When i use optimization it can be size optimization and compiler may don't try
to optimize for speed this code blocks.
Look at *array++ = 0; construction:
don't forget different processor architectures - e.g. AVR has "Store Indirect and Post-Increment" instruction and compiler will use it in this case. array[i] = 0; will add i value on every iteration.
Among other loops do-while-loop is faster because no need to test condition before loop body.
About hand written optimization is it depends on skills of programmer and particular case.
This code is simpler:
1 2 3 4
void zeroArray(int* array, int n) {
while (n--)
*array++ = 0;
}
@xorebxebx,
Thanks.

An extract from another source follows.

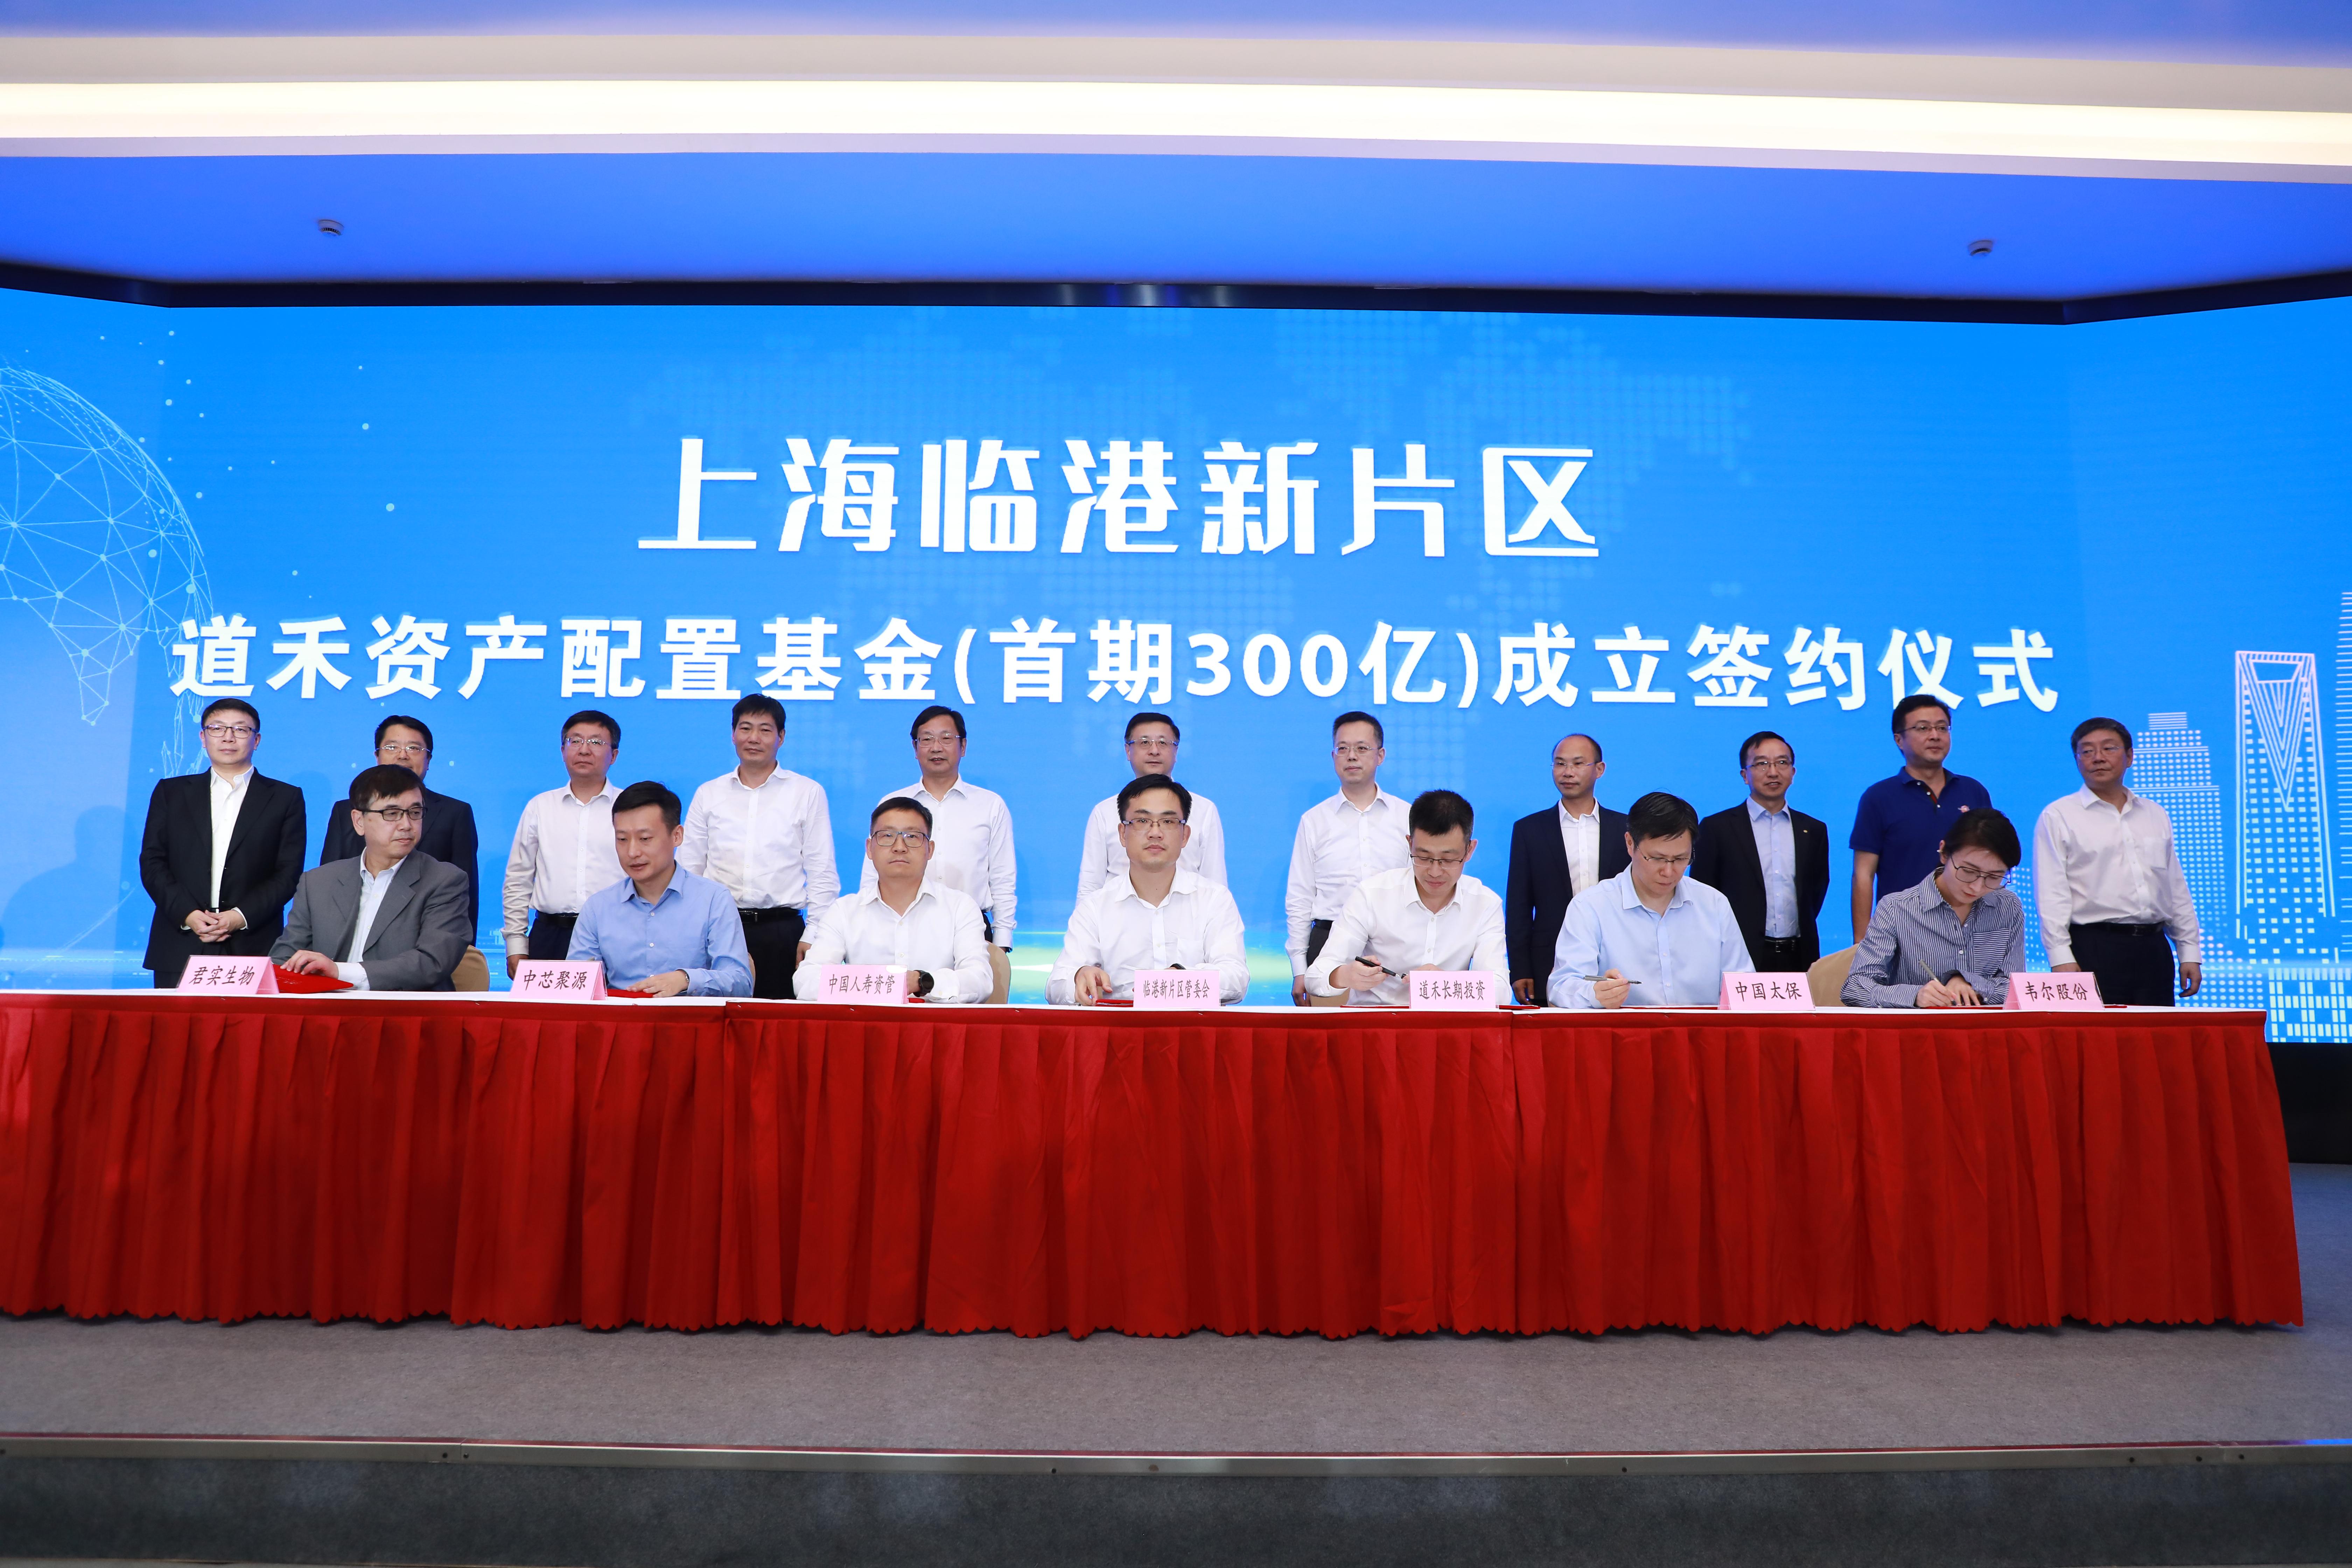 必晟娱乐新闻:上海临港新片区道禾资产配置基金成立,首期规模300亿元

It would probably be good for me to learn some SSE stuff..
@boolivar,
Something to learn form this thread is that compilers are smarter that you think.
Using SIMD instruction sets can provide a massive optimization; of course, there's no remedy for code that's bad anyway. As an example, I know a 2D game that uses SSE3 and a bunch of different optimization flags on the GCC command-line, and it runs at about 50 FPS on my computer. But as soon as you start drawing particles, the game slows down massively (it goes from ~50 FPS to 27 FPS) because the code for the particle simulator is horrible. Nested loops everywhere, it's illegible.
I was going to fix it but I can't be bothered to fix all the code. The original author put it all in one file, too, so as soon as you start moving functions into more appropriate places you break all kinds of dependancies. I wanted to make it somewhat modular and structured (the way I usually write programs is that there is one file - main.c - containing the main() function, and then a bunch of separate, isolated modules that don't even know about each other, and the main() function just uses those as it needs to), the MINIX kernel is an excellent example of a very well structured program. But the (game) code is full of horrible, circular dependancies. I'd rewrite it from scratch, but I don't know that I'd be able to do the particle physics.
See for yourself. When using loop instead of sub-jne, each loop iteration takes 4 instead of 2 CPU cycles.
Although just the fact that modern compilers don't use the loop instruction at all (not even when optimizing for size) should tip you off that loop is bad news.
hamsterman wrote:
My point was that if someone is feeling paranoid about optimisations (and I'm not saying one should be), it would be logical to use assembly (for such trivial tasks at least).
That wouldn't be a good idea, because hand-written assembler code is usually slower than what the compiler generates.
The compiler has detailed knowledge about the CPU that it is targeting - it knows how many cycles it takes for a particular instruction to complete and it can reorder instructions so that there are as few pipeline stalls as possible. An average programmer doesn't have the necessary knowledge to produce assembler code of similar quality.
This only shows that gcc is a poor compiler for avr or you compiled it without proper optimization options. Besides, they don't spend so much time writing optimizations for AVR as they are for Intel (and despite of that, I've heard many times they still loose to the Intel compiler team).